Серафима Ивановна отступила на несколько шагов и начала звать кухарку, вышедшую из комнаты при входе Гаспара.
– Зачем бежать?.. Мое божество… мифологическое? – продолжал кричать гасконец. – Чего бояться?.. Знаю, так Диана бежала от Актеона для того, чтоб он догонял ее. Это военная хитрость, мы с Даниелем не поддаемся на такие хитрости.
– Убирайтесь отсюда, невежа! Убирайтесь сейчас же! Маргарита! А Маргарита! Позови скорей дворника!
– Убираться?! Как бы не так! Не уйду ни за что. Я зван ужинать и ночевать… Ужинать я, пожалуй, не хочу, а ночевать… с удовольствием!
«Что мне делать с этим пьяницей», – думала Серафима Ивановна, серьезно струсив.
– Оставьте меня, говорю я вам; уходите сейчас же, а не то!!
Она вооружилась бутылкой, стоявшей на накрытом столе.
– Что? Бутылка?.. Знаю, это сан-бенито; это та же бутылка, что летала в Даниеля! Мы с ним этого не боимся!
– Не боишься?! – крикнула Серафима Ивановна вне себя от ярости. – Не боишься!! Так вот же тебе, бездельник!

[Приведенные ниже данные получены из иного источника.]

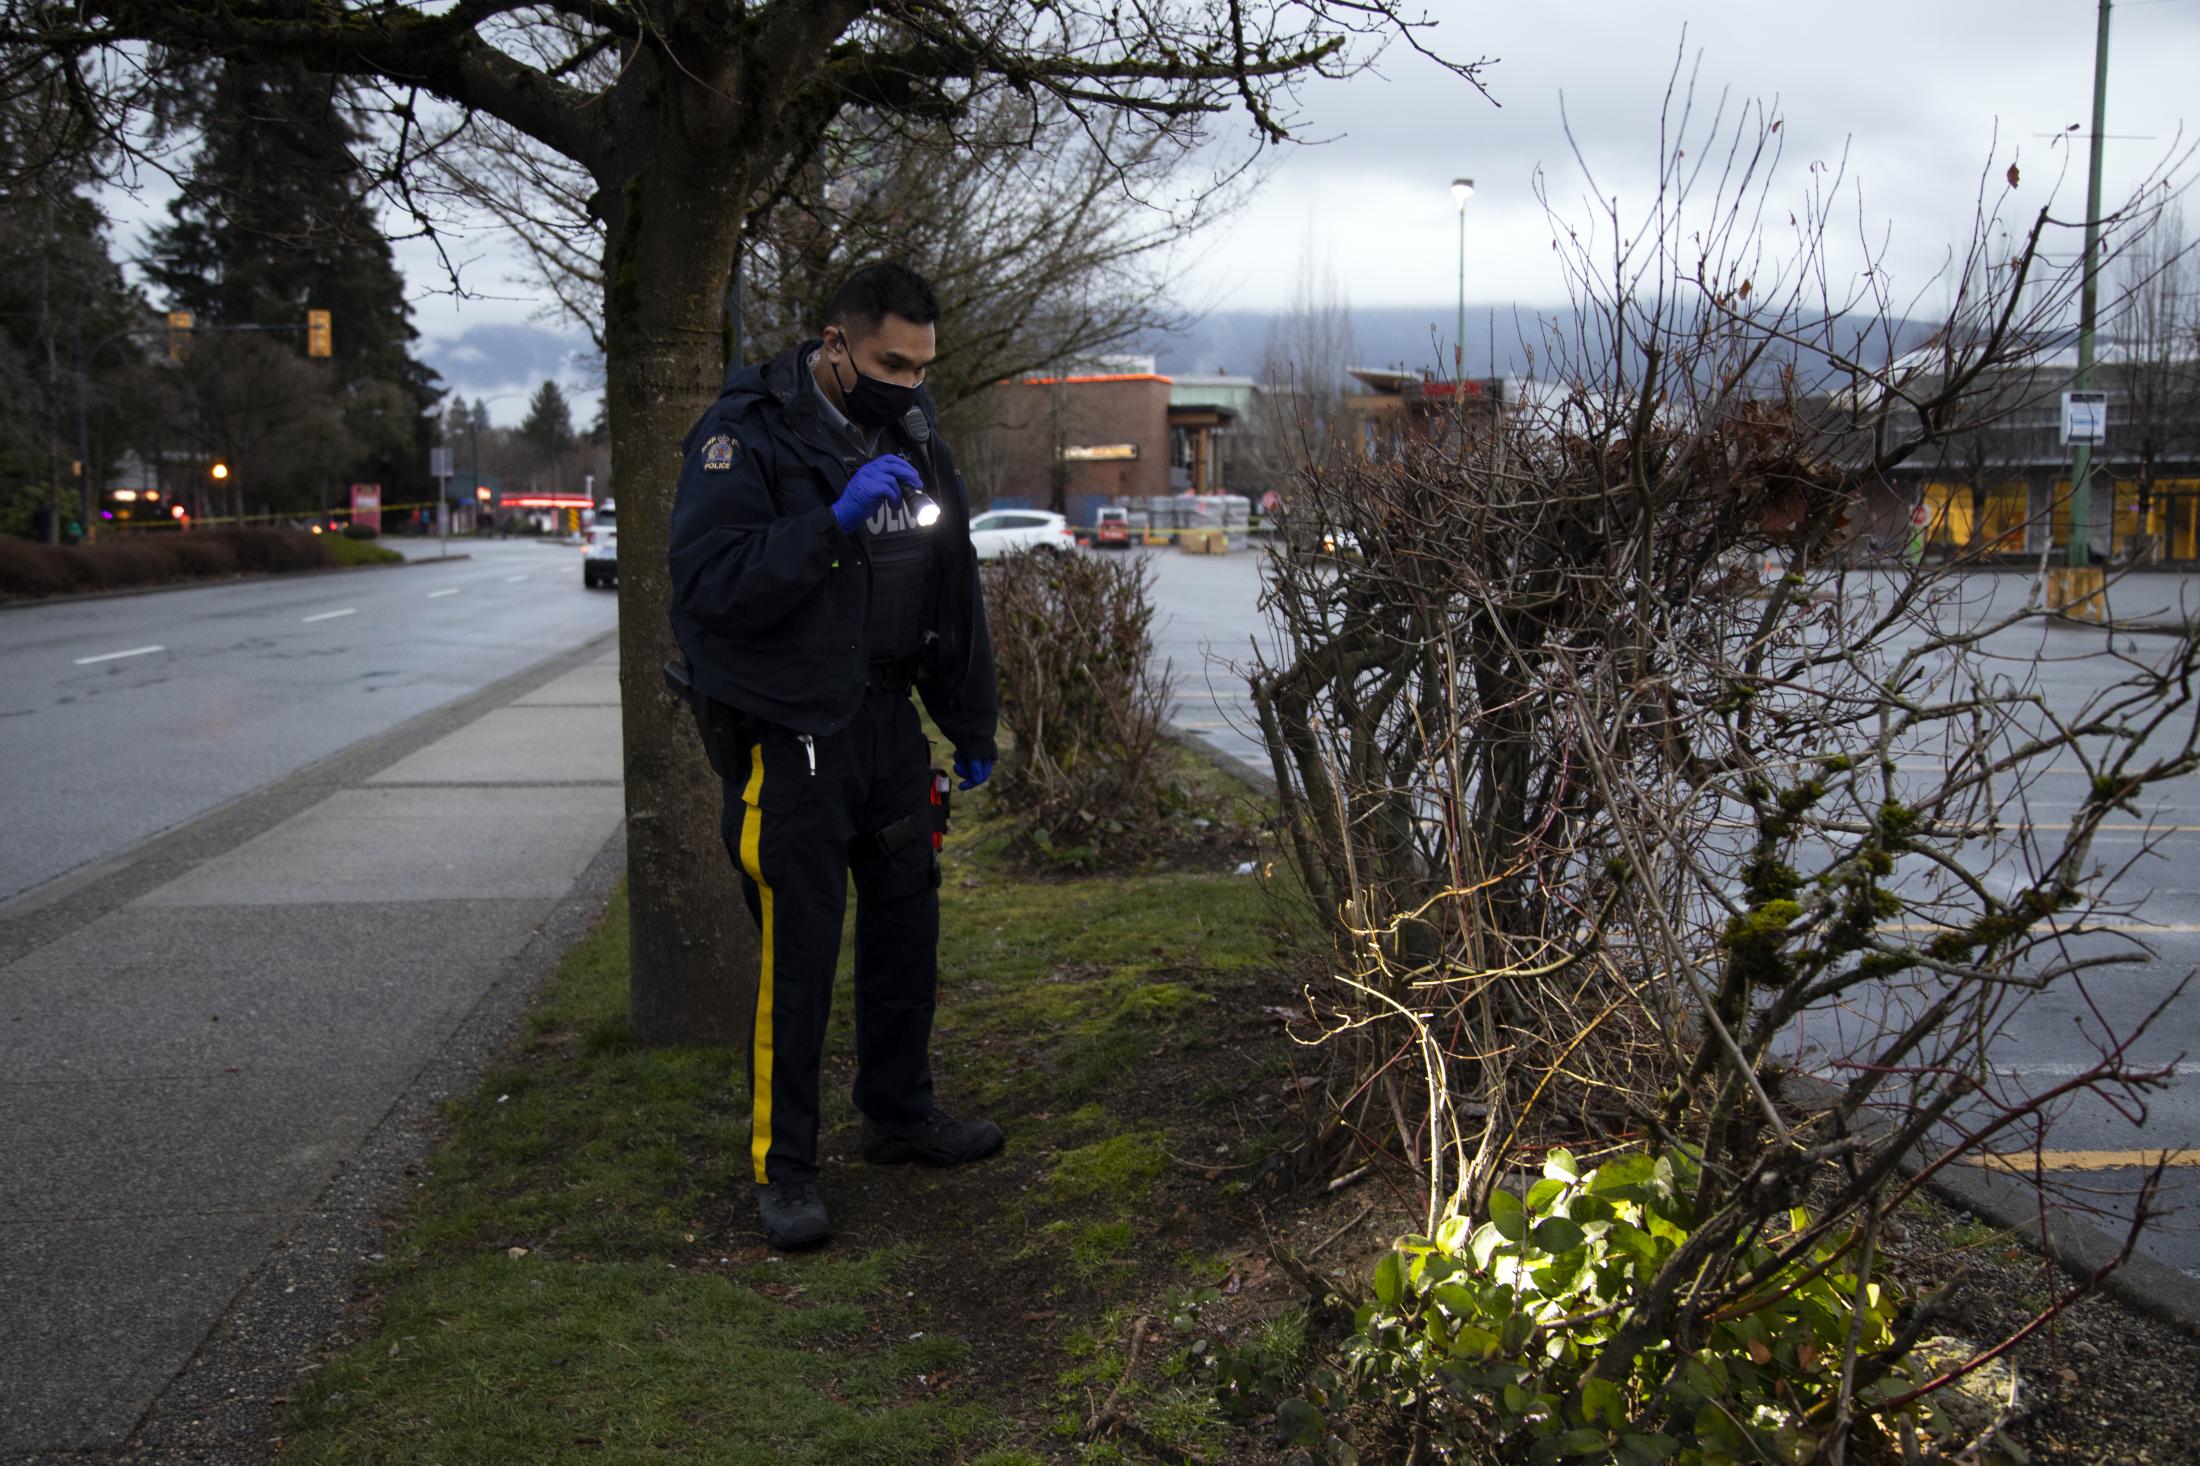 Lynn Valley Stabbings - A woman was killed and six hospitalized after a suspect...

Бутылка полетела, и прежде чем неустрашимый гасконец успел рассчитать метательную силу своей антагонистки и направление пущенного снаряда, снаряд этот, описав в воздухе неправильную параболу, ударился дном о затылок Гаспара и, лопнув как бомба, оросил его буквально с головы до ног.
Он вскрикнул, быстро кидаясь на подсвечник, который Серафима Ивановна собиралась пустить вслед за бутылкой.

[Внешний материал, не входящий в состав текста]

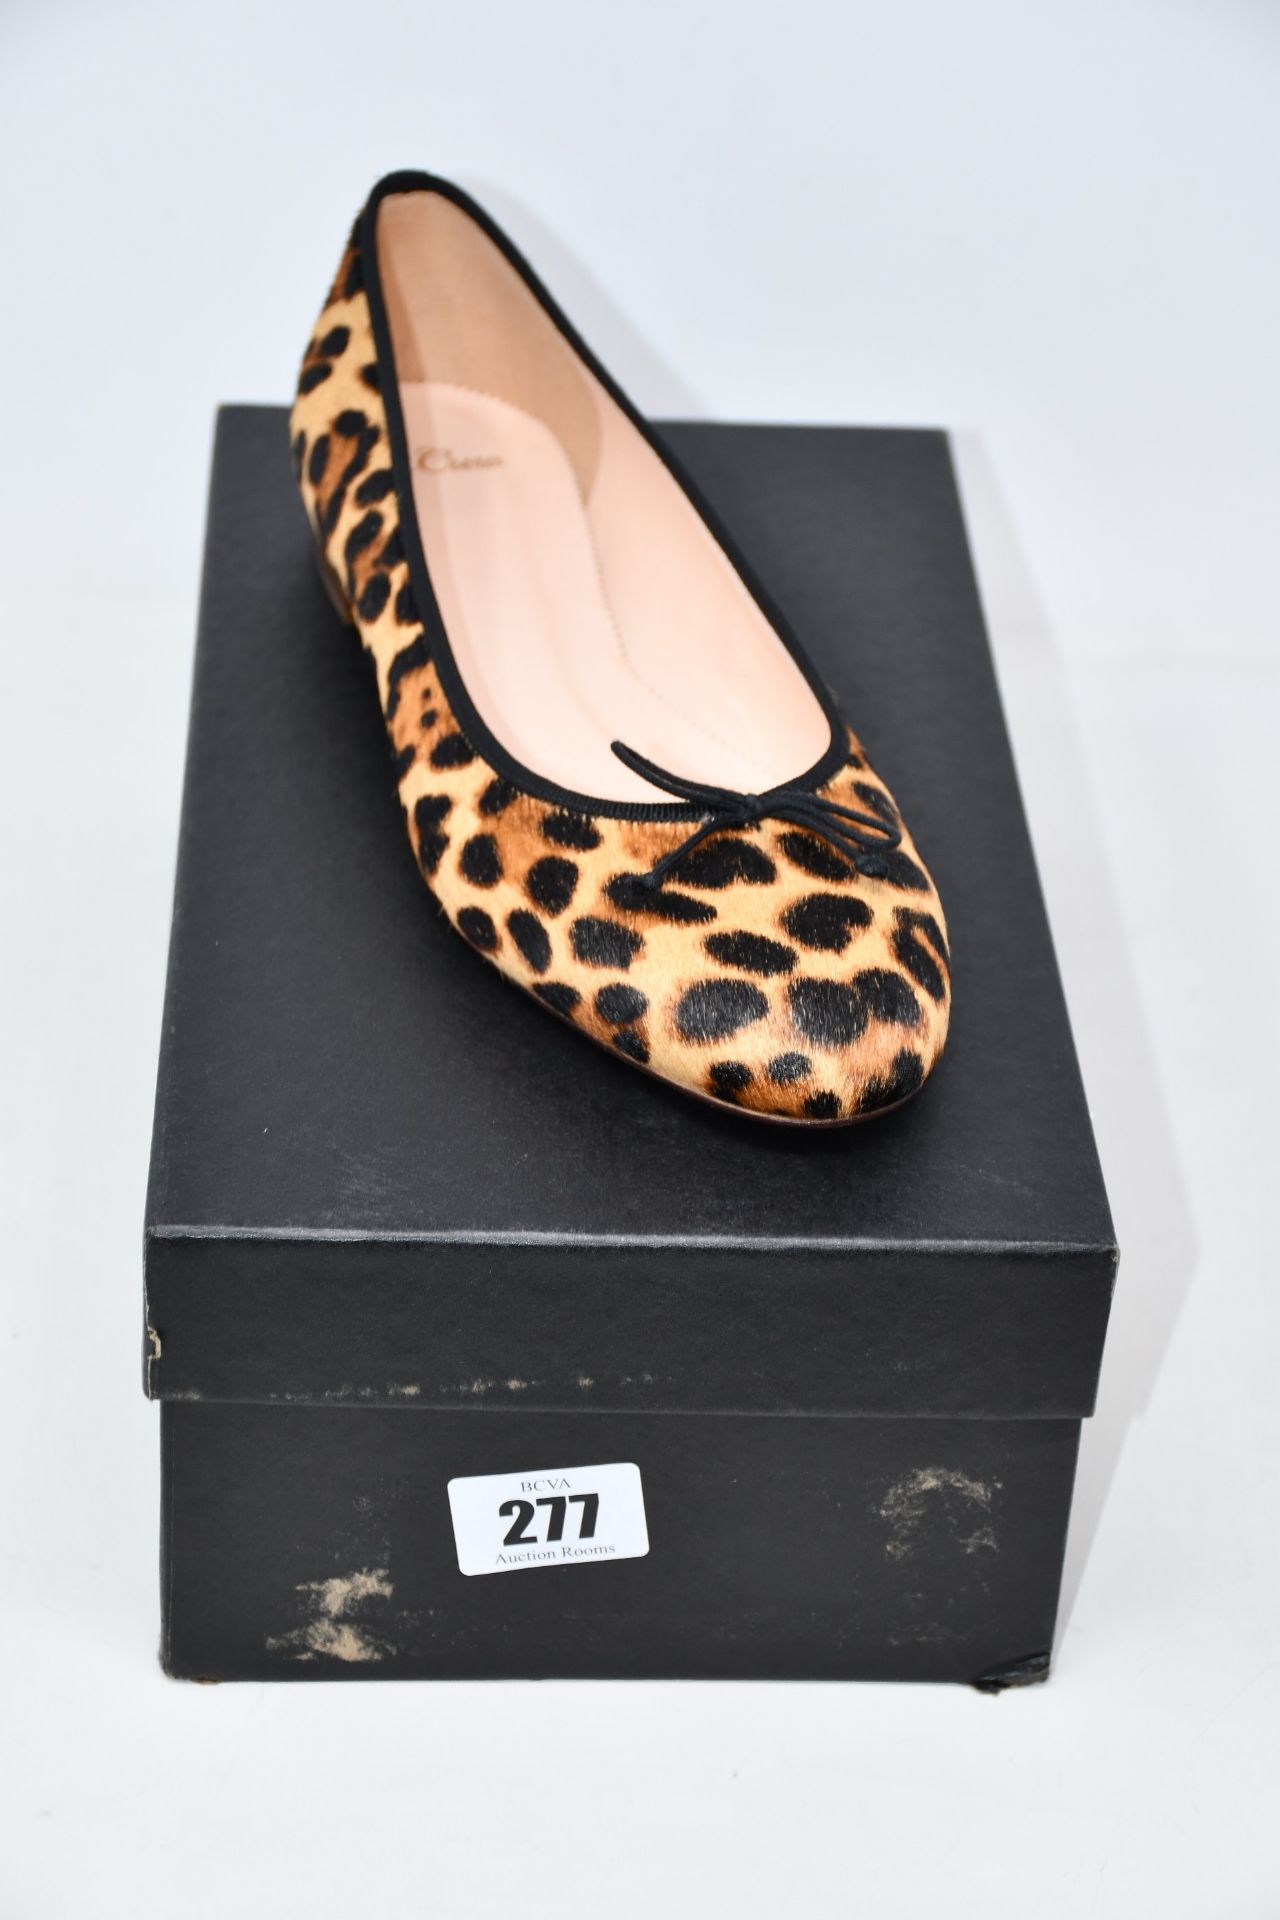 A pair of as new J.Crew ballet flats in leopard (UK 8.5).

Обезоруженная в одну минуту и с большим трудом освободившись от схватившей ее железной руки, Серафима Ивановна побежала к двери за помощью; но гасконец догнал ее у входа в переднюю и обхватил обеими руками.

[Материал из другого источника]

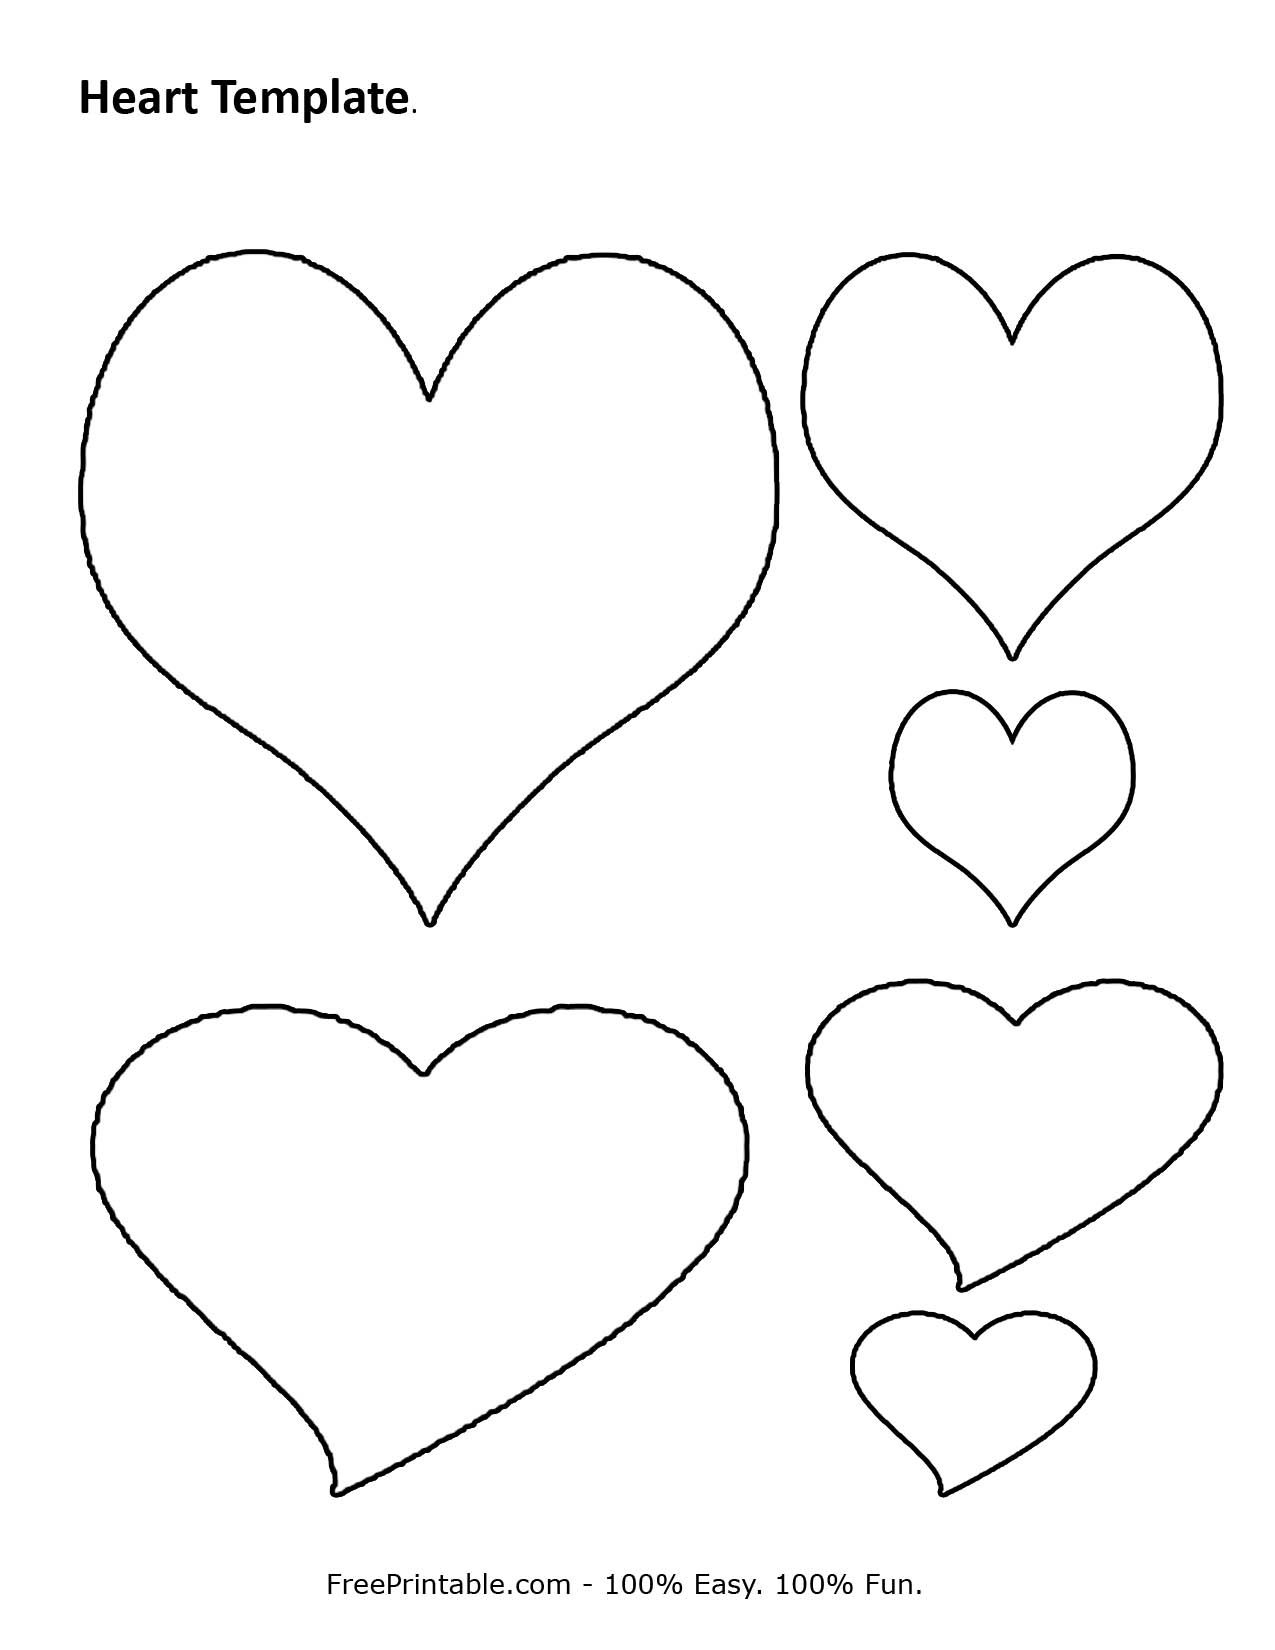 Free Printable Heart Template | Cupid Has A Heart On | Pinterest - Free Printable Heart Designs

– Здесь, я вижу, добрым словом да мифологией ничего не добьешься!.. Коль на то пошло, так и без мифологии возьму. Говорят, возьму… А что?!
В эту минуту громкий звук пощечины раздался в комнате, и Гаспар, отскочив шага на два, как дурно пущенный волчок, повертелся несколько секунд на одном и том же месте, но не удержался на ногах и с шумом грянул на пол, ударившись лбом о косяк двери.
Неизвестно, чем бы кончилось это геройское сражение. Перевес в ту пору был, очевидно, на стороне угнетенной Прозерпины. Доблестный Марс лежал с окровавленным лицом и с огромной шишкой на лбу. Но по энергичным восклицаниям его можно было догадываться, что он еще не считал себя побежденным.
– Глаза совсем слиплись! Трещит затылок! – кричал он во все горло.
– Это само небо вас наказало, – кротким голосом заметила победительница, – за то, что вы напились и пришли оскорблять слабую, беззащитную даму.
– А, ты меня еще и на смех поднимаешь? Дай мне только встать! Дай протереть глаза. Будет тебе, слабой, беззащитной даме, черт тебя побери!